[Start of Attachment]
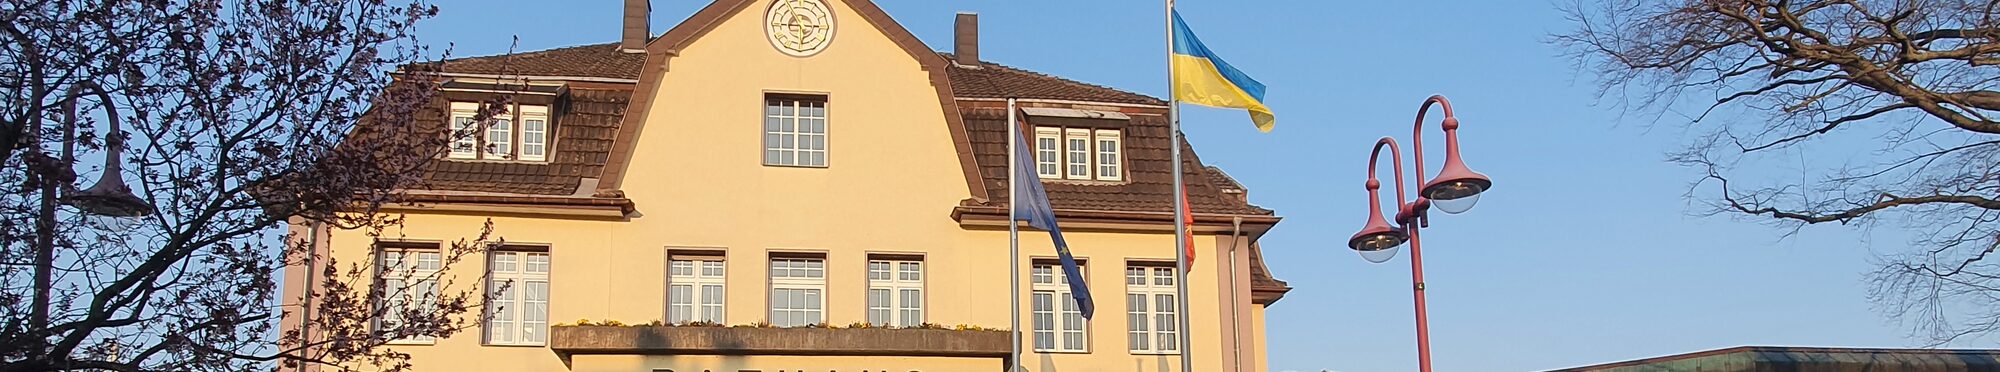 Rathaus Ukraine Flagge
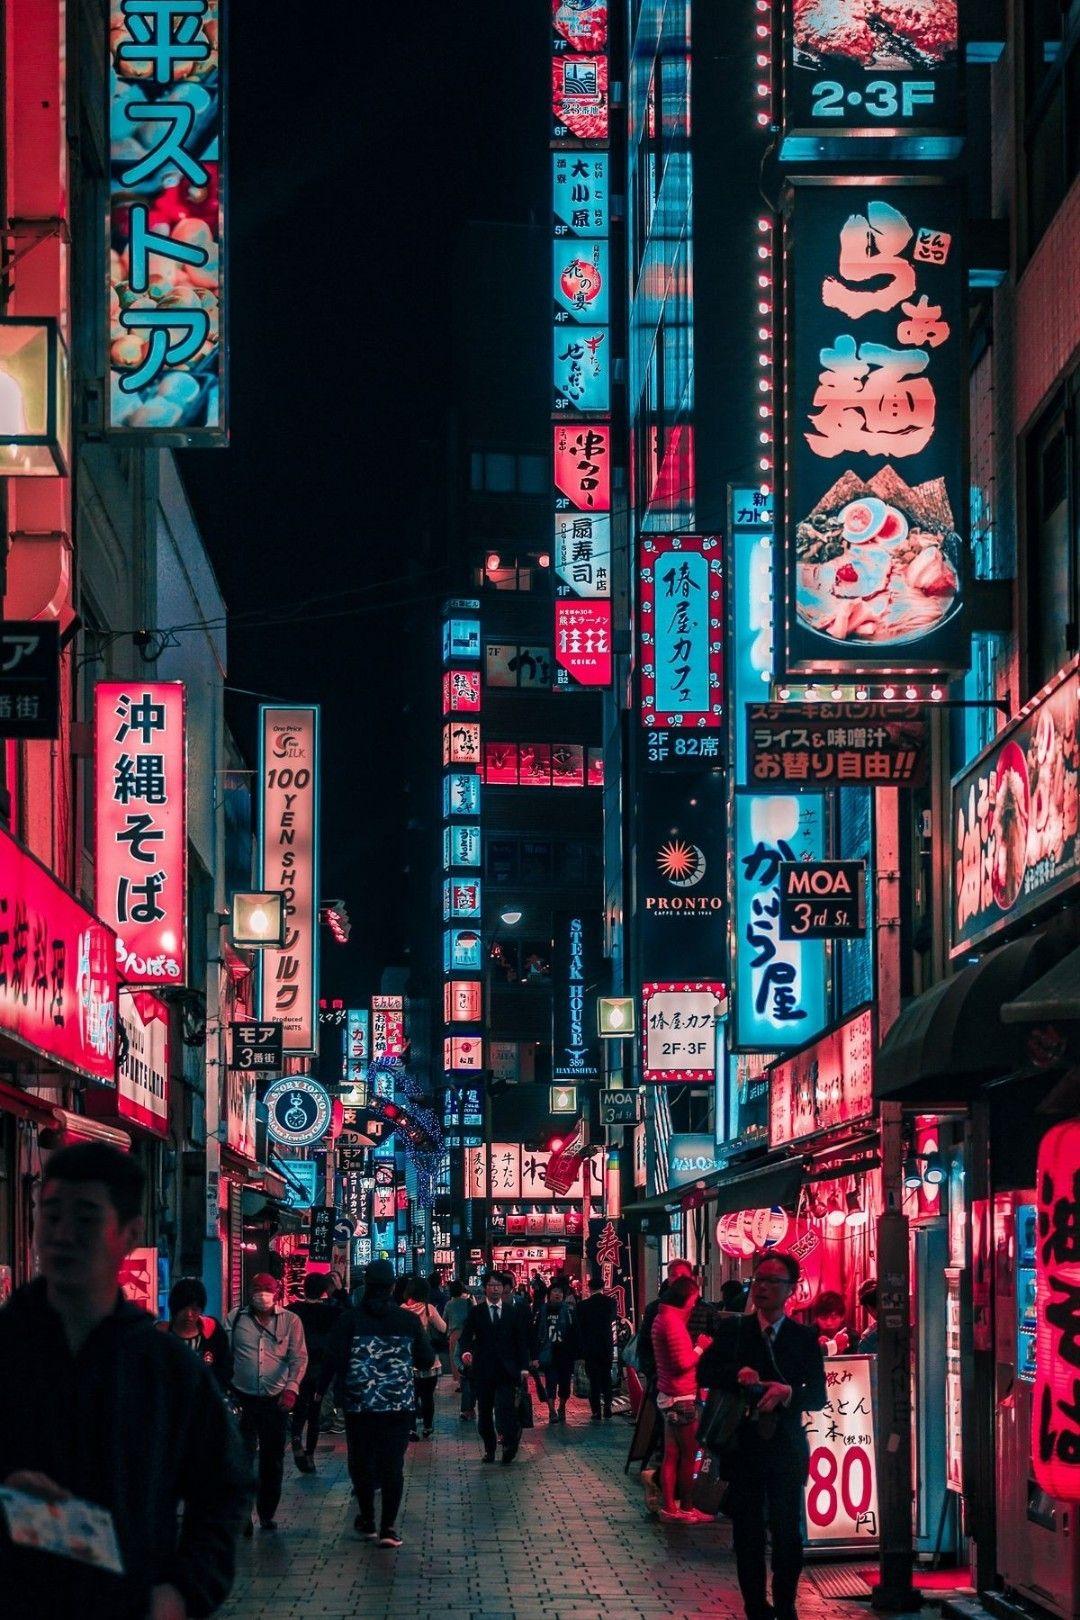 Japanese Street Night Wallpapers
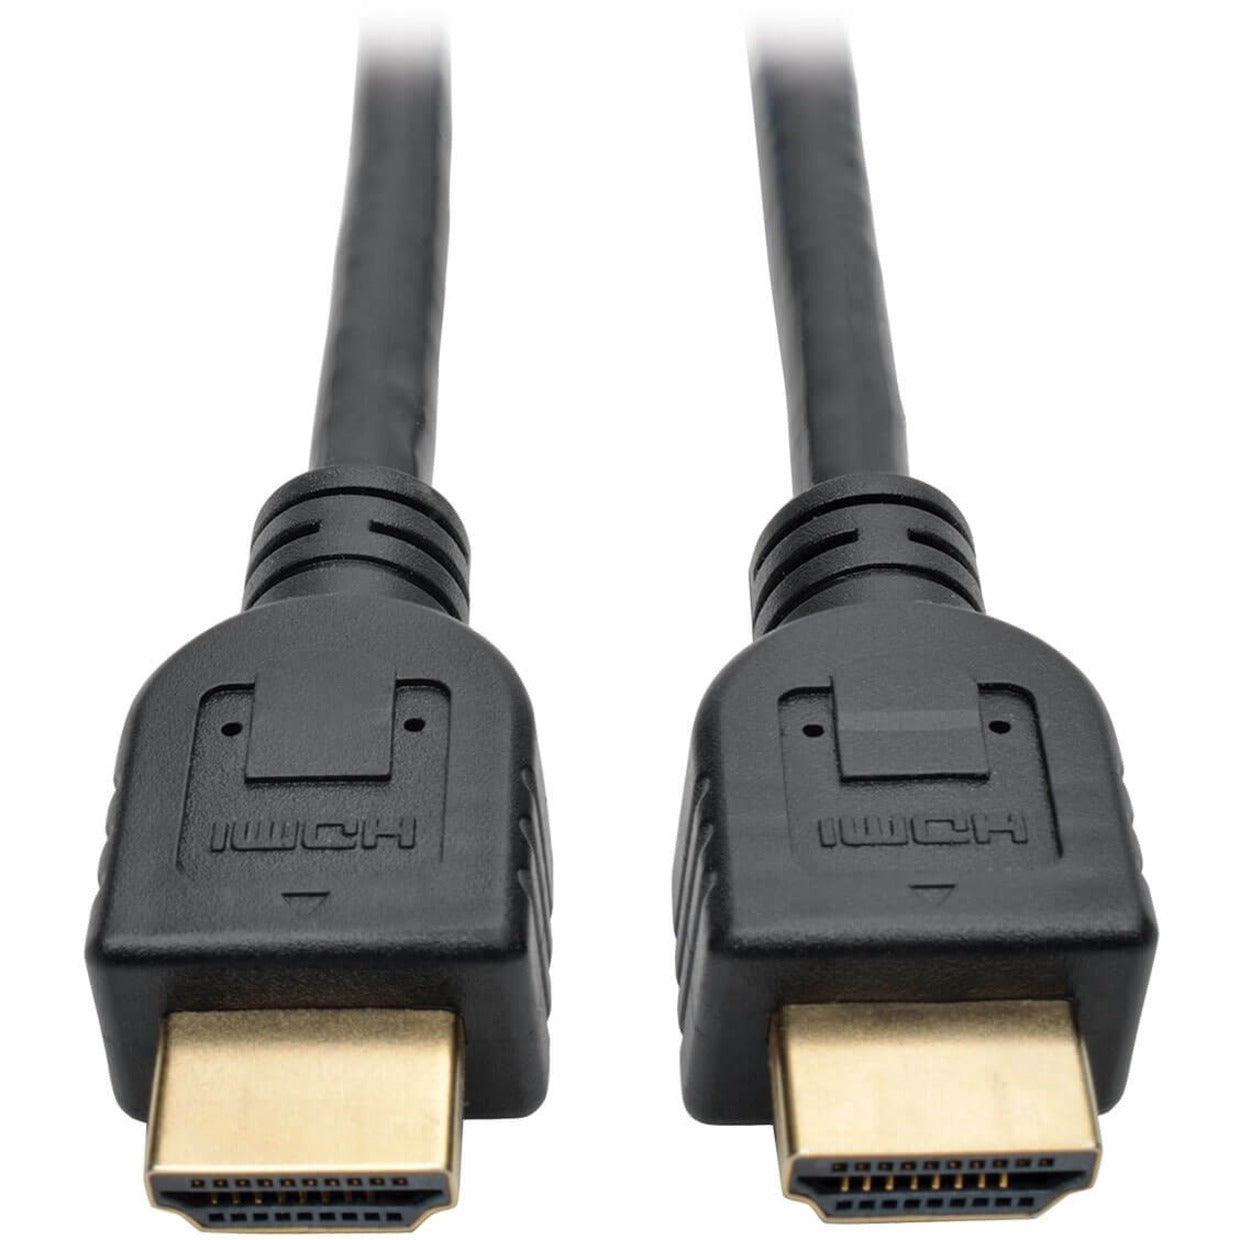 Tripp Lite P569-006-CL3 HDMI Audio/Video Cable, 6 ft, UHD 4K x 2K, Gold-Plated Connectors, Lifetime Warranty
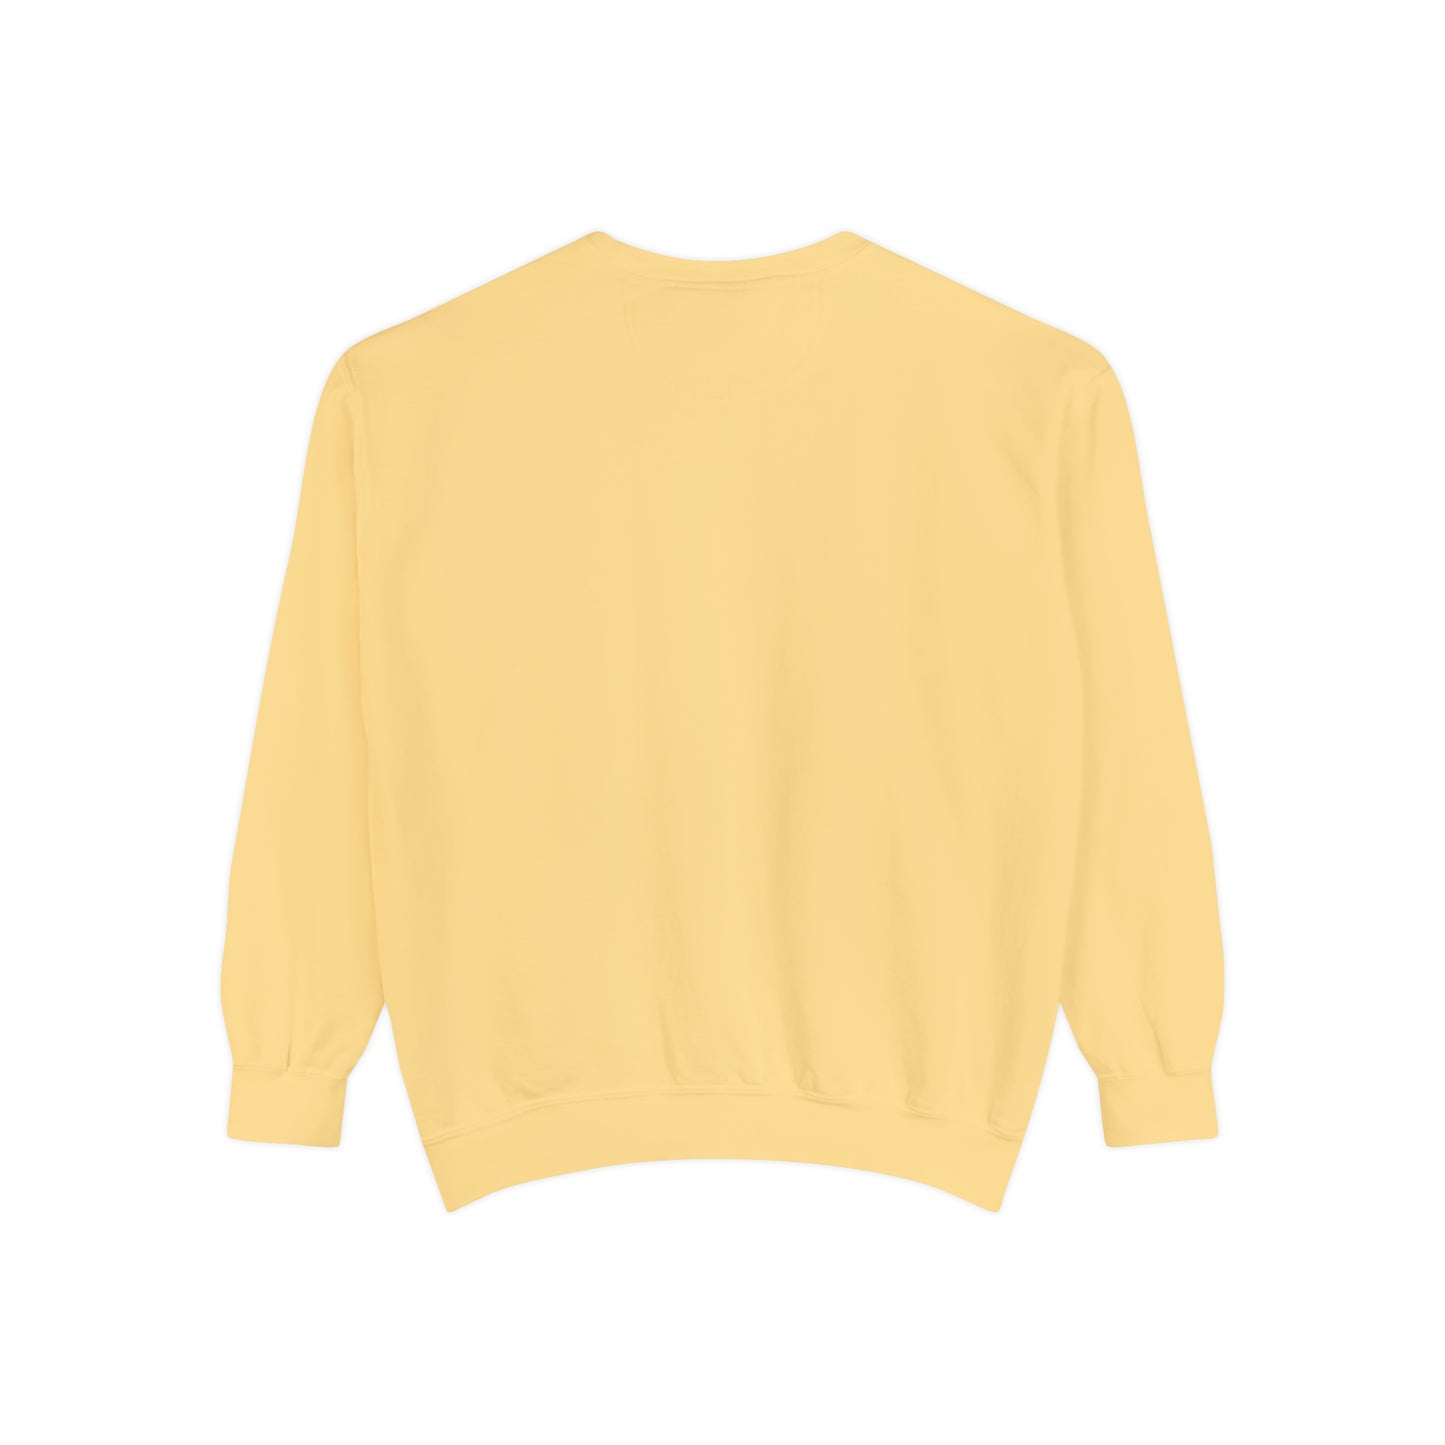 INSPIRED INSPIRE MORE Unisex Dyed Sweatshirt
[End of Attachment]
## What to produce
The copy must reproduce the listing above verbatim and contain no pictures.

## Solution
 Rathaus Ukraine Flagge
 Japanese Street Night Wallpapers
 Tripp Lite P569-006-CL3 HDMI Audio/Video Cable, 6 ft, UHD 4K x 2K, Gold-Plated Connectors, Lifetime Warranty
 INSPIRED INSPIRE MORE Unisex Dyed Sweatshirt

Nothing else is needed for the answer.